The following code calculates the age group sizes optimised for centiles from the 0.4th to the 99.6th, with a sample of 10,000 children from 0 to 20 years in one-year groups.

  n_table <- map_dfc(-4:4*2/3, ~{
n_agegp(z = .x, N = 10000) %>%
select(!!z2cent(.x) := n_varying)
}) %>%
bind_cols(tibble(age = paste(0:19, 1:20, sep = '-')), .)
knitr::kable(n_table)
age 0.4th 2nd 9th 25th 50th 75th 91st 98th 99.6th
0-1 679 1039 1662 2587 3172 2587 1662 1039 679
1-2 586 715 855 950 965 950 855 715 586
2-3 556 629 692 710 696 710 692 629 556
3-4 537 579 604 589 563 589 604 579 537
4-5 523 544 545 512 482 512 545 544 523
5-6 512 518 503 459 425 459 503 518 512
6-7 504 497 470 418 384 418 470 497 504
7-8 496 480 444 387 351 387 444 480 496
8-9 490 466 422 361 325 361 422 466 490
9-10 484 453 404 340 303 340 404 453 484
10-11 479 442 388 322 285 322 388 442 479
11-12 475 433 374 306 270 306 374 433 475
12-13 471 424 362 292 256 292 362 424 471
13-14 467 416 351 280 244 280 351 416 467
14-15 464 409 341 269 234 269 341 409 464
15-16 461 402 332 260 224 260 332 402 461
16-17 458 396 324 251 216 251 324 396 458
17-18 455 391 316 243 208 243 316 391 455
18-19 452 385 309 236 201 236 309 385 452
19-20 450 380 303 229 195 229 303 380 450

The table shows how the sample composition varies depending on which centile is optimised. Comparing the 50th and 0.4th centiles, the optimal number for the 50th centile is more than four times the size in the first year but less than half the size at age 19-20. This matches the histogram above.

### Example 2

n_agegp can also be used to design studies over a narrower age range, e.g. 0-5 years. For example there are 3506 children in this age range in the table optimised for the 2nd centile, and the following code returns the same group sizes (bar rounding):

knitr::kable(n_agegp(z = 2, N = 3506, minage = 0, maxage = 5, n_groups = 5) %>%
select(age, n_varying))
age n_varying
0.5 1038
1.5 715
2.5 629
3.5 579
4.5 544

This shows that the sample composition optimised for age 0-20 is also optimal for subsets of the age range.

### Example 3

A third example contrasts the Cuban Growth Study design, as mentioned earlier, with the optimal design based on the specified precision of SEz = 0.053 on the 3rd centile, which Healy (1974) showed required 1000 boys aged 8.

For an optimal design the required precision should apply across the age range.
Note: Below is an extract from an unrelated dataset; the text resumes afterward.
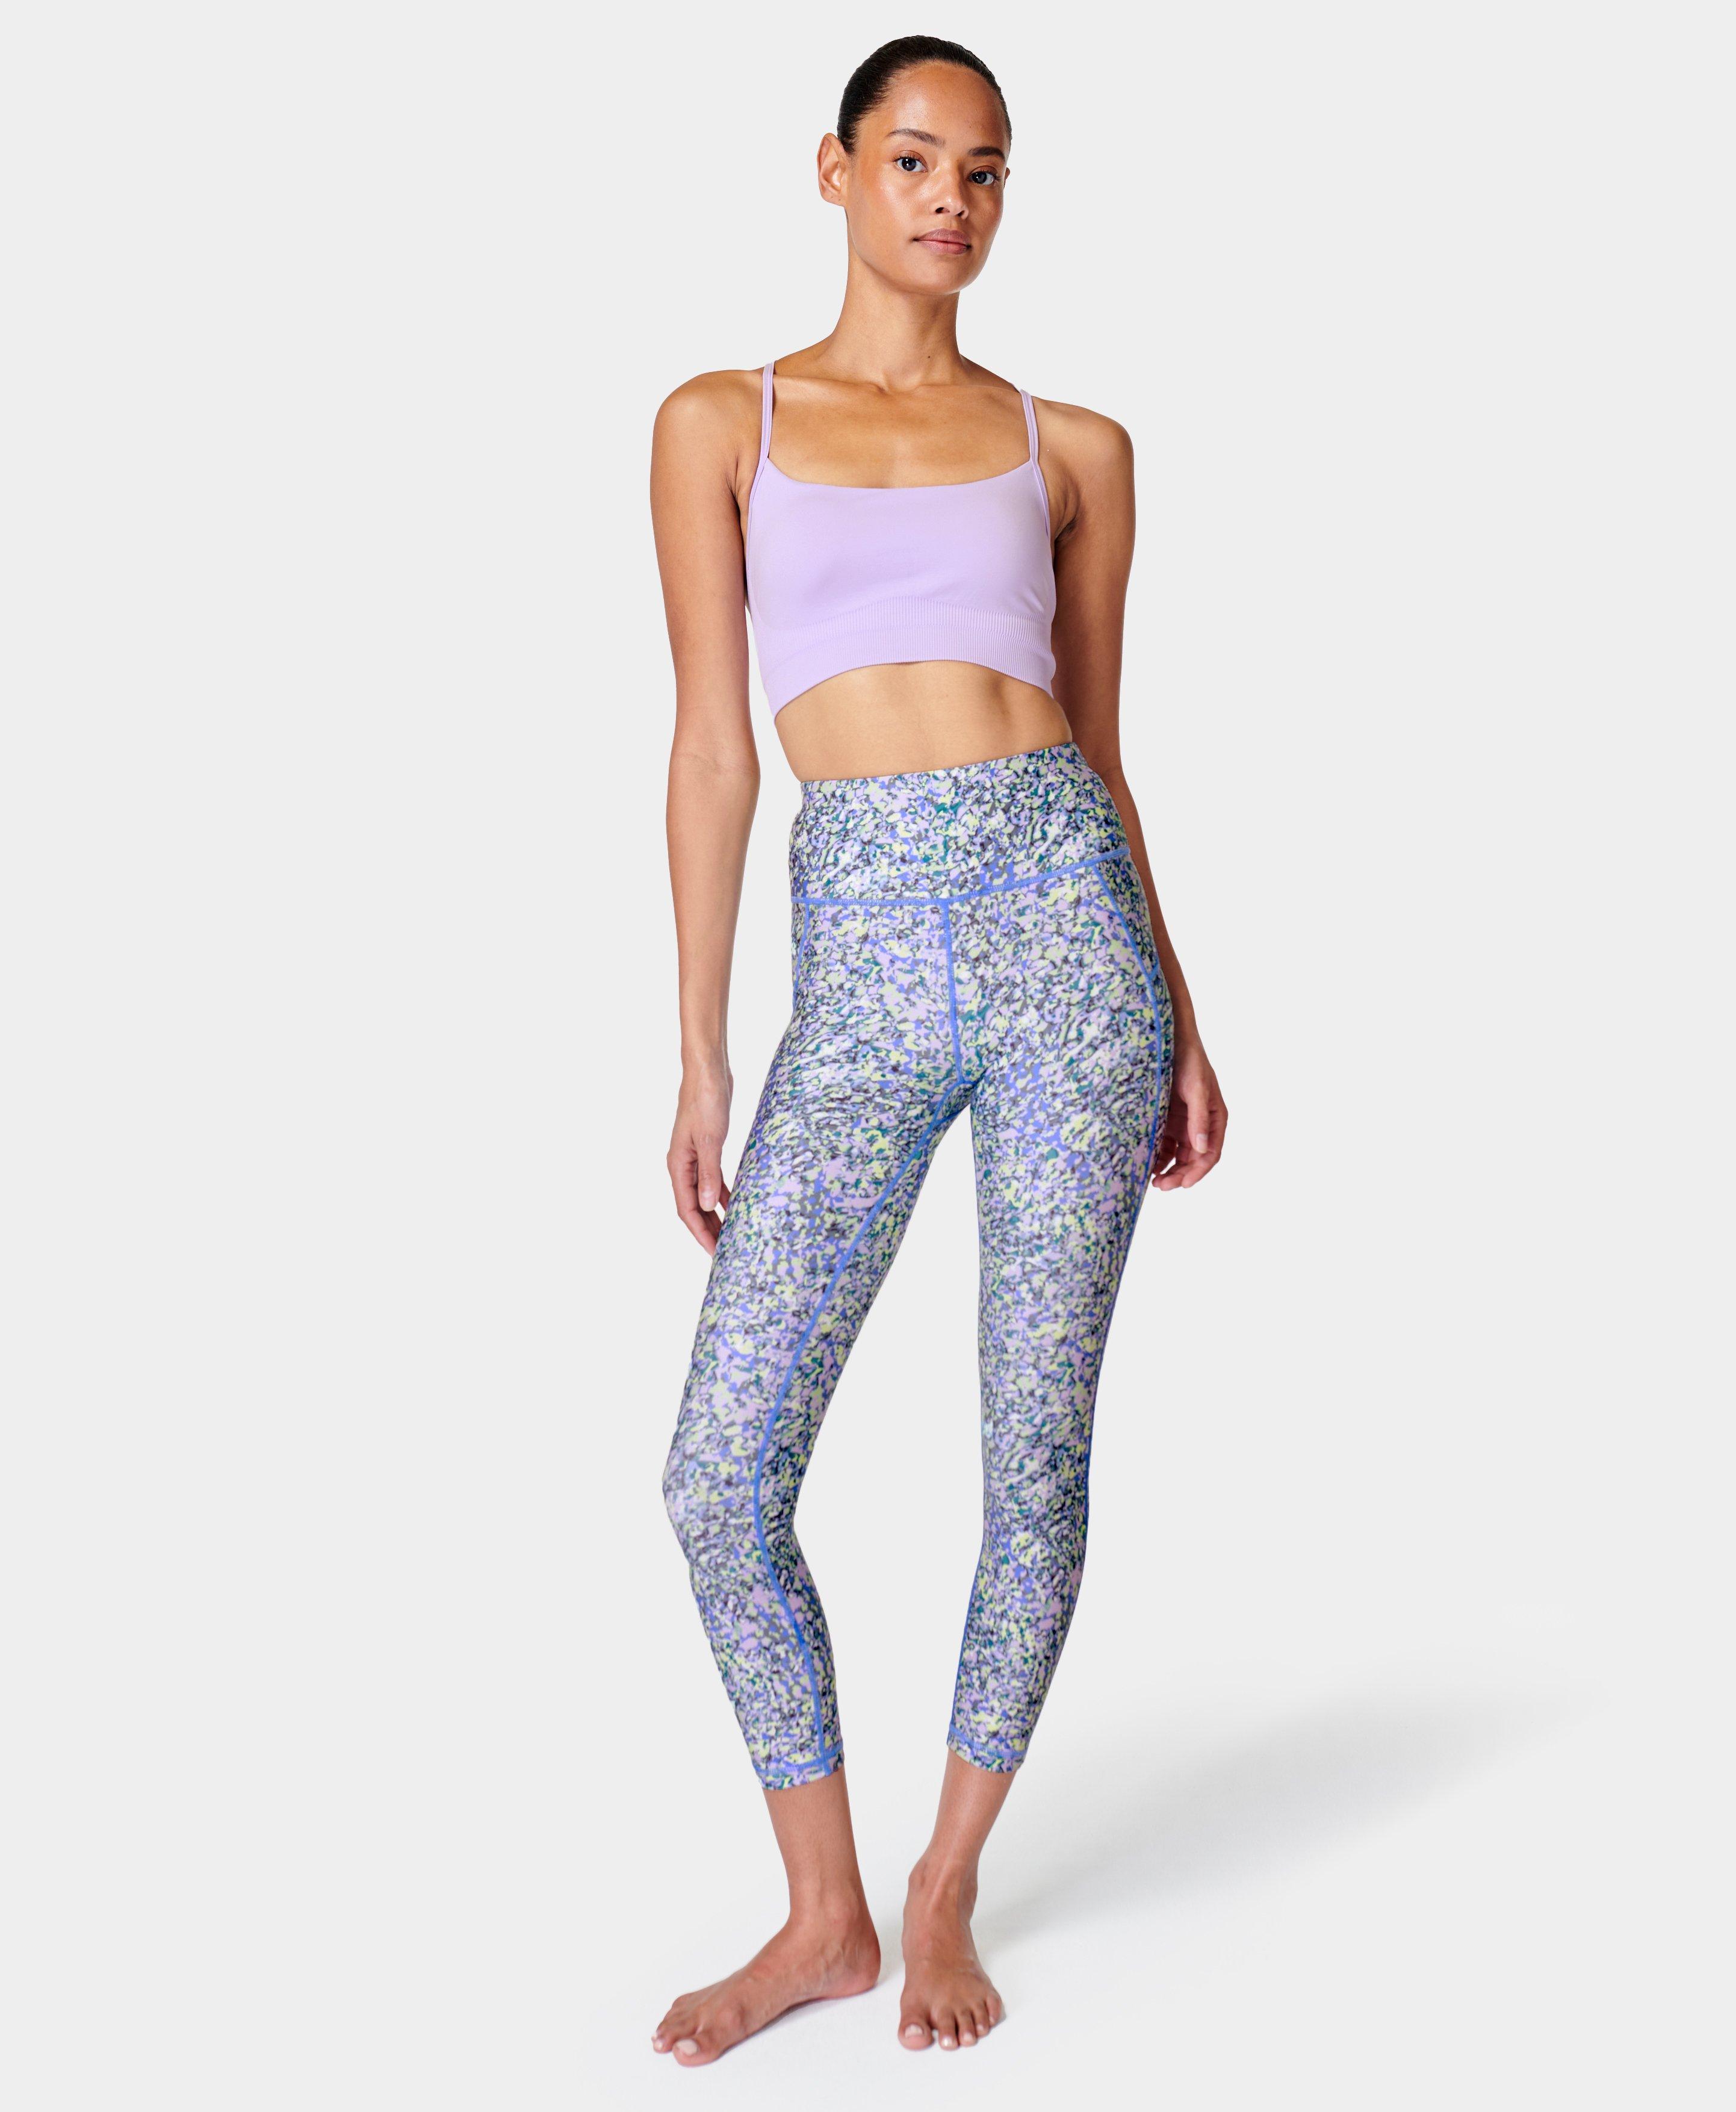 Sweaty Betty All Day Emboss 7/8 Gray Floral Workout Leggings Size XXS NWT -  $50 New With Tags - From Melissa

The code shows the age distribution for 0-20 years that was used in the Study, including a 10% uplift in numbers to give 1100 at age 8, and the corresponding design had it been optimised.
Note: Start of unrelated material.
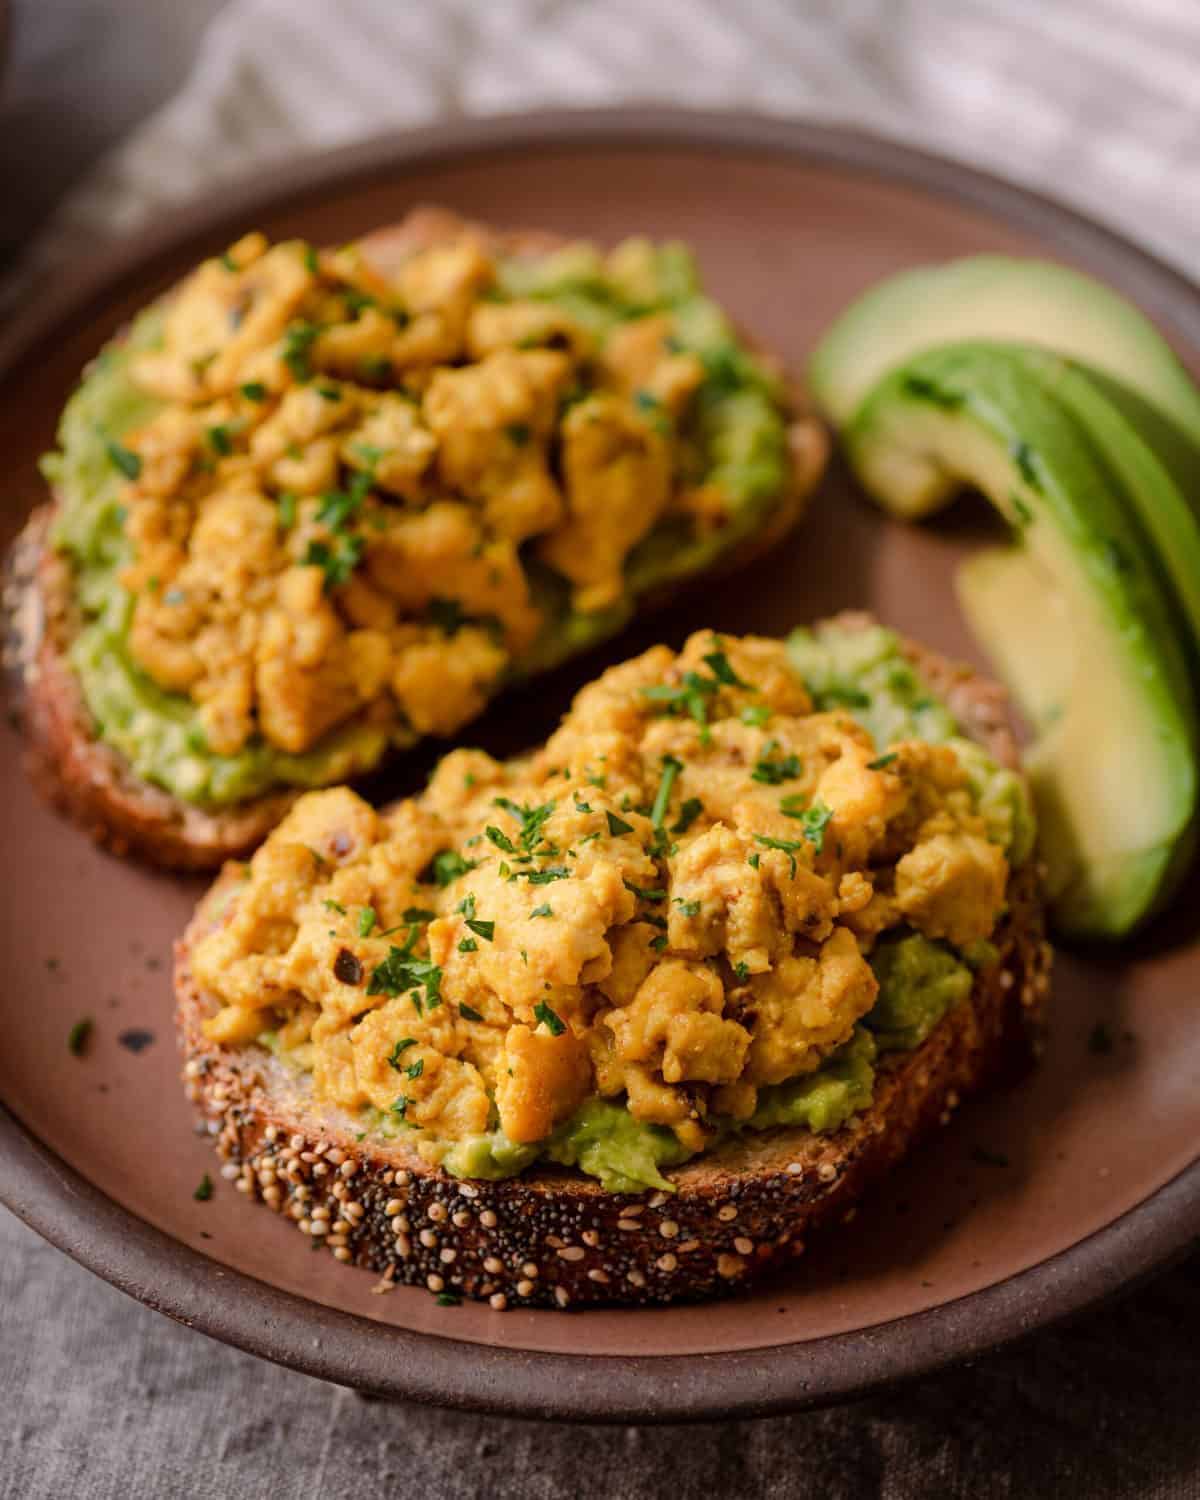 Tofu Scramble on slices of bread on a brown plate.

# define CGS age distribution
tibble(age = c(1/6, 1/2, 5/6, 5/4, 7/4, 19/8, 25/8, 4:10,
c(22:29/2 - 1/4), 15:18, 77/4),
n = c(rep(12, 3), rep(10, 4), 13, rep(11, 6), rep(6, 3),
rep(11, 5), 15, rep(8, 3), 13) * 100,
span = c(rep(1/3, 3), rep(1/2, 2), rep(3/4, 2), rep(1, 7),
rep(1/2, 8), rep(1, 4), 3/2)) %>%
ggplot(aes(x = age, y = n/span, width = span-0.02)) +
xlab('age (years)') + ylab('frequency') +
geom_bar(fill = 'gray', stat = 'identity') +
geom_bar(aes(y = n_varying, width = NULL),
data = n_agegp(z = qnorm(0.03), SEz = 0.3 / 5.75) %>%
mutate(n_varying = n_varying * 1.1),
width = 0.98, fill = 'gray50', stat = 'identity')
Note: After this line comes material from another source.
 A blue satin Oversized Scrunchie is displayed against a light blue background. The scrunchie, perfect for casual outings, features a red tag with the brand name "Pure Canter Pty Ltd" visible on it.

The pale gray histogram shows the complex sample composition used in the Cuban Growth Study, with oversampling in infancy and puberty reflecting the higher growth velocity at those ages.

However the pubertal oversampling is unnecessary, and the design ignores the saving in numbers that is achieved by smoothing the centile curves.

The darker histogram shows the optimal design. Overall the sample size could have been reduced from 28,000 to around 11,000. This highlights the saving in resources that optimisation can achieve.

## References

Cole TJ. 2020. Sample size and sample composition for constructing growth reference centiles. Stat Methods Med Res (in press).

Healy MJR. 1974. Notes on the statistics of growth standards. Ann Hum Biol 1:41-46.

Jordan J, Ruben M, Jernandez J, Bebelagua A, Tanner JM, Goldstein H. 1975. The 1972 Cuban national child growth study as an example of population health monitoring: design and methods. Ann Hum Biol 2:153-171.